I run the small TOTs with leadcore and flatlining with mono. When flat lining, if they run on their side and pop out of the water, I bend the connector, that usually works. In desperation, I try bending the bill. If it still does not run correctly, I add two small split shots and put them on 18" above the TOT. If that does not work, I take the hooks off and throw it away.


----------



## johnboy111711 (Apr 7, 2004)

i just used a dual lock snap w/o a swivel. buy a bigger heavy duty one.


----------



## Hotntot (Jul 28, 2004)

If you have the orginal hotntot (older ones w/ metal lip) bend the connector very SLIGHTLY in the opposite way it running, the newer ones you bend the eyelet that's in the plastic lip (needle nose pliars) again make SLIGHT adjustments until running right.
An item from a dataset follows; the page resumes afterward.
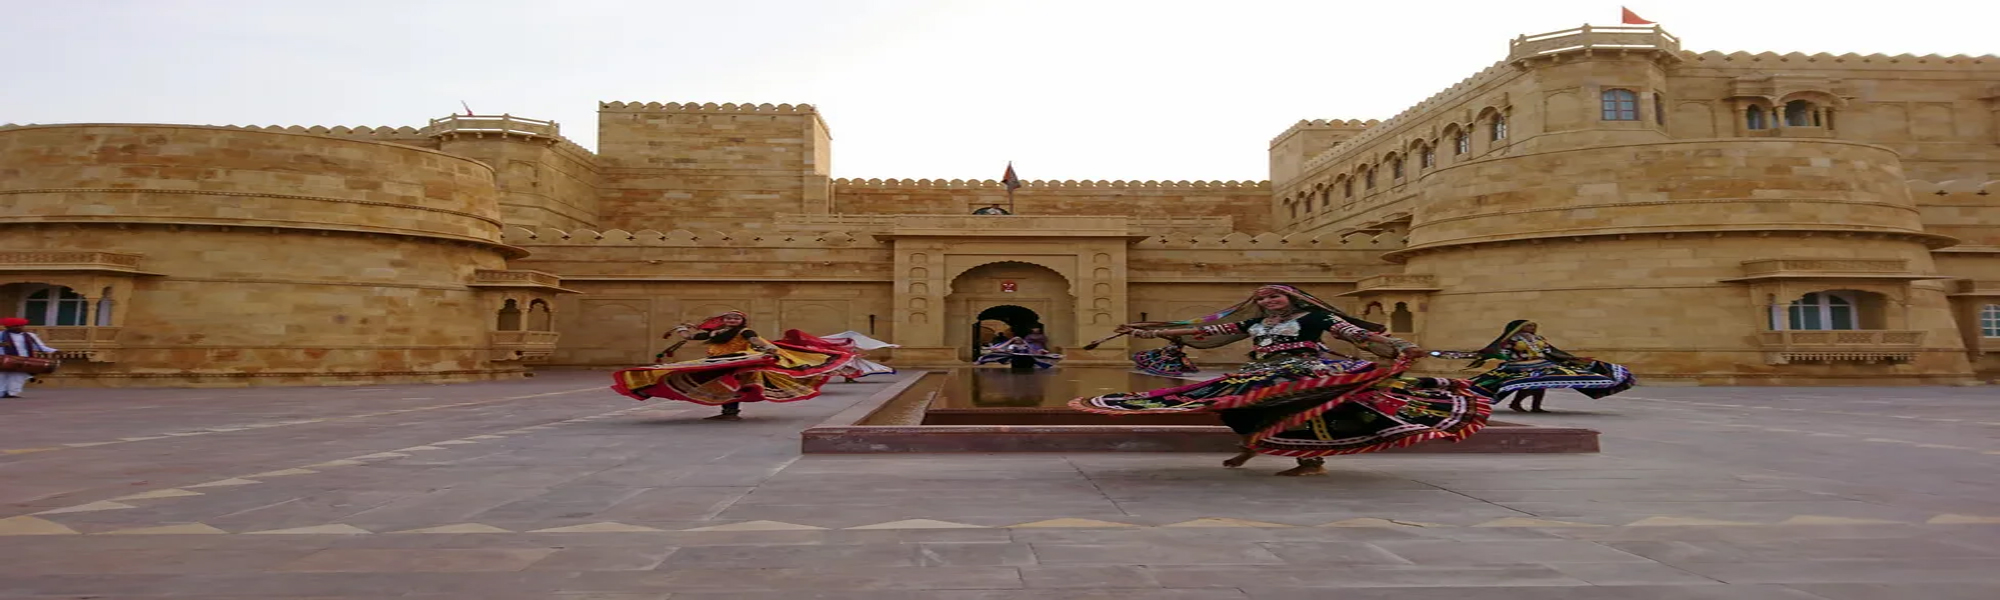 Desert Festival Budget Tour in Rajasthan

The older ones tie direct to the connector no snaps, it is one of the few cranks I run without a duolock snap, the new ones I use a duolock snap I think it a #2 snap. Keep in mind Hotntots when tuned correctly still have a SEARCHING ACTION. If your still having problems it may also be trolling too fast I typically troll them 1.8-2.5 @ around 3.0 is when I've had trouble keeping them down. If you still don't like them don't throw them away I'll take em !!!


----------



## johnboy111711 (Apr 7, 2004)

speaking of old tots, if anyone is looking for any or any old baits for the matter, give mark from mark's bait a call. he is fully stocked with them and plenty other things.his number is 330-221 5213


----------



## EYE MISOR (Jun 21, 2004)

thanks for the info. i have alot of old and some of the new original series whitch are the same. ive never used the new ones with the plastic lip. do they catch fish ? thanks again bob


----------



## Hotntot (Jul 28, 2004)

Eye Misor , I'll use both but I love the originals I seem have better luck with them ,not sure why maybe a different vibration from the metal lip ... I dunno ? The originals are also more durable. I'm glad they brought the originals back I was starting to get low on them  !!!!


----------